World Polio Day 2016 highlights Rotary’s progress to end polio


Immunization efforts continue in Africa, where recent setbacks underscore the need for vigilance everywhere until polio is eradicated worldwide.  

Where are we in the fight to eradicate polio? What's left to do? And why does it cost so much? Rotary's World Polio Day event on 24 October will answer these questions and more.

 
 

Health officials from our partners in the Global Polio Eradication Initiative will join Rotary leaders and special guests at the Centers for Disease Control and Prevention in Atlanta, Georgia, USA, to give a status update on the eradication campaign.

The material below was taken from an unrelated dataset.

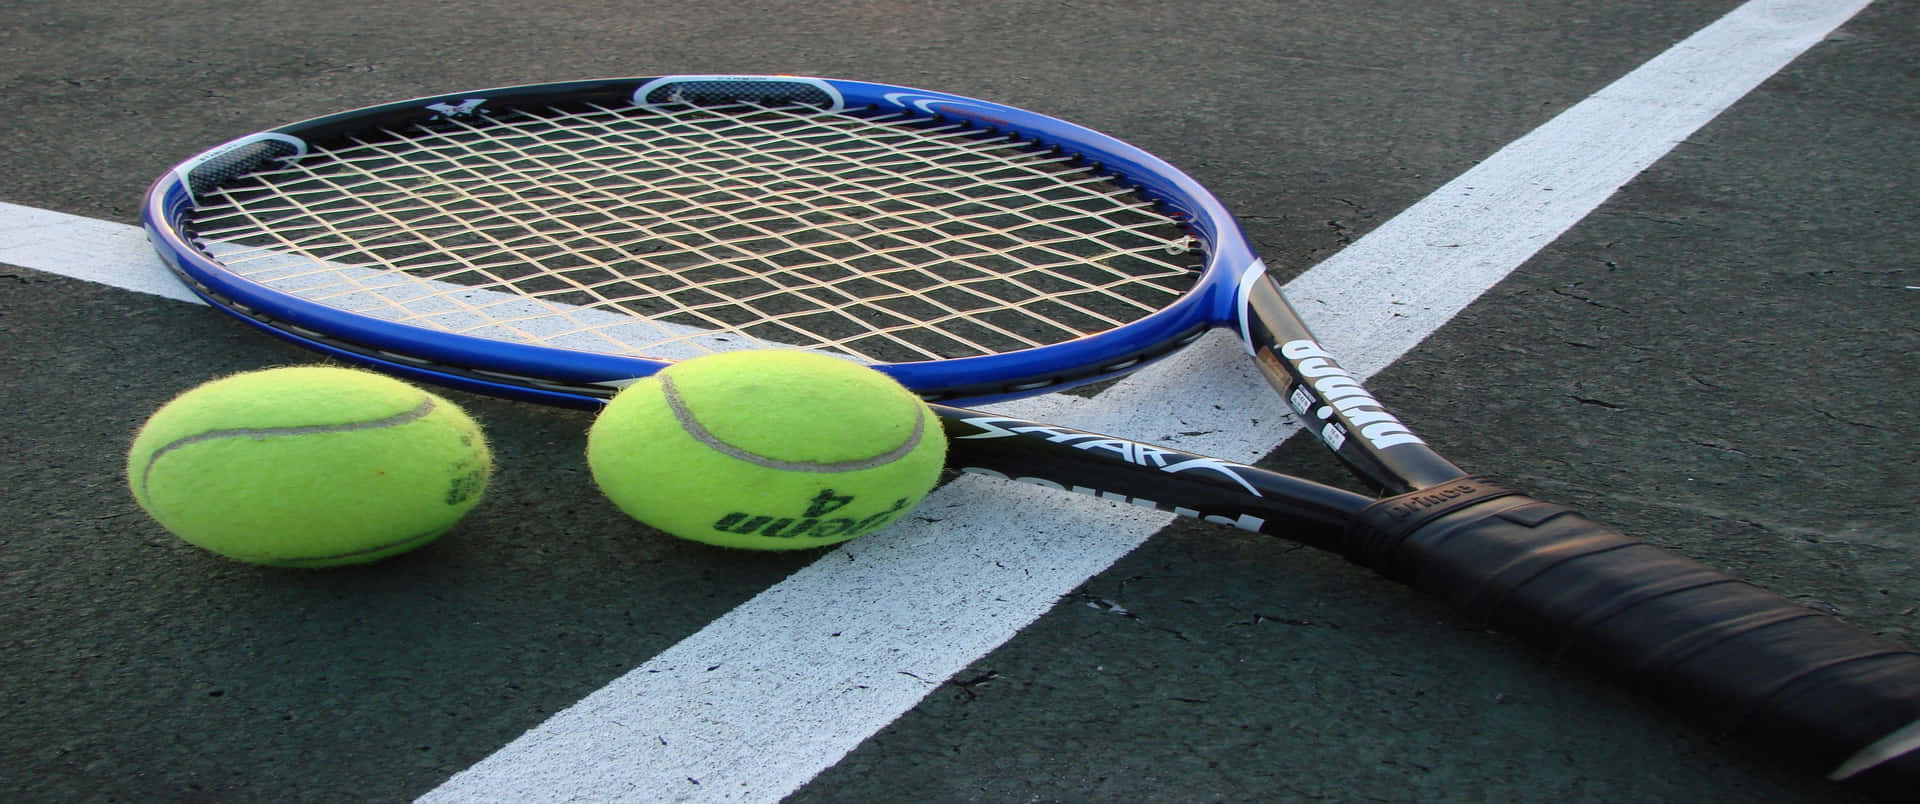 Enjoy the Sensation of a Perfectly Played Tennis Match in High Resolution

The wild poliovirus has caused fewer new cases of the disease so far this year than this time last year, but recent setbacks in Nigeria — which was re-classified as polio-endemic in September 2016 — underscore the need for vigilance.

Yet the detection of new cases in northern Nigeria also demonstrates that surveillance efforts are reaching children even in areas affected by conflict. The challenge now is to contain the outbreak and boost immunity in affected areas until the virus is eradicated worldwide.

This year also saw the largest and fastest vaccine rollout in history, as 155 countries and territories switched from the trivalent oral polio vaccine to the bivalent oral polio vaccine. The bivalent oral polio vaccine protects against the only two strains still in circulation and reduces the likelihood of vaccine-derived cases.